Subject: Socio-humanistic informatics
Course: Socio-humanistic informatics
ECTS credits: 3
Language: Croatian/English
Duration: 1 semester
Status: elective
Method of teaching: blended course
Prerequisite: no
Assessment: Complete set of weekly writing tasks, final paper
Course description: Socio-humanistic informatics includes the application of information and communication technologies in the social sciences and humanities, as well as text and language processing. Course topics include the following: advanced text formatting, text indexing, extractive summarization, regular expressions for extracting collocations and basic statistical text analysis.

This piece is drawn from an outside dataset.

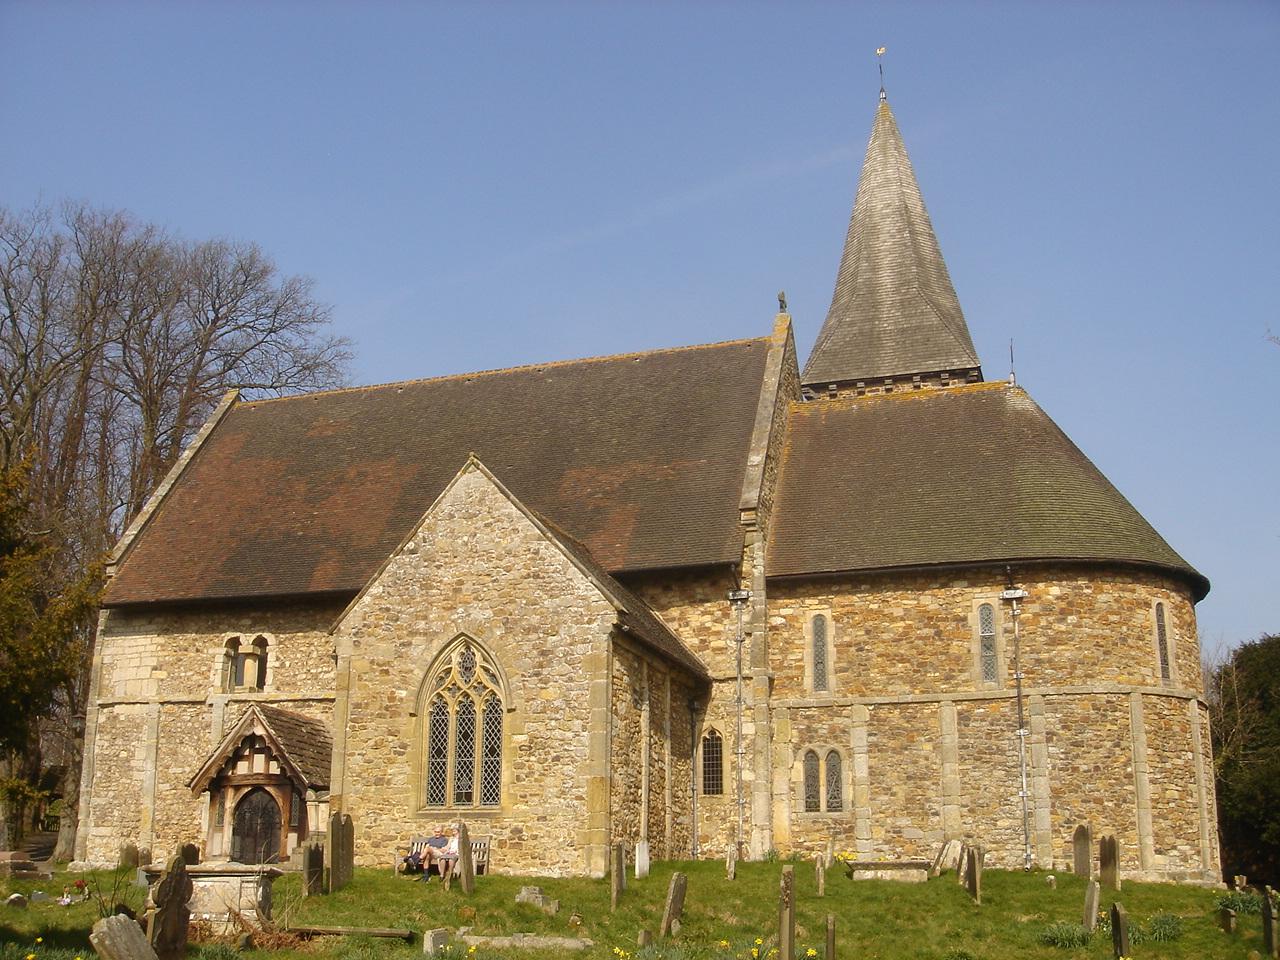 Bild - Worth, St. Nicholas Church, by Voice of Hassocks 2009-03-21 ...

Course objectives: Students need to understand the basic principles of text processing. They need to understand the concepts of text and language processing such as token, type, lemma, index terms, distribution of words, collocations, abstract and extract. Practical work includes weekly assignments during the semester. Students will learn how to apply the theoretical knowledge through a series of project-oriented and interrelated tasks that include creating and applying styles and templates in MS Word document, advanced find and replace using regular expressions, creating a frequency list of words, creating an index using MS Word, basic statistical text analysis using MS Excel and generating extract of the document.
Reading list:
Ignatow, G., & Mihalcea, R. (2017). Text mining: A Guidebook for the Social Sciences Thousand Oaks, CA: SAGE Publications, Inc doi: 10.4135/9781483399782 (odabrana poglavlja)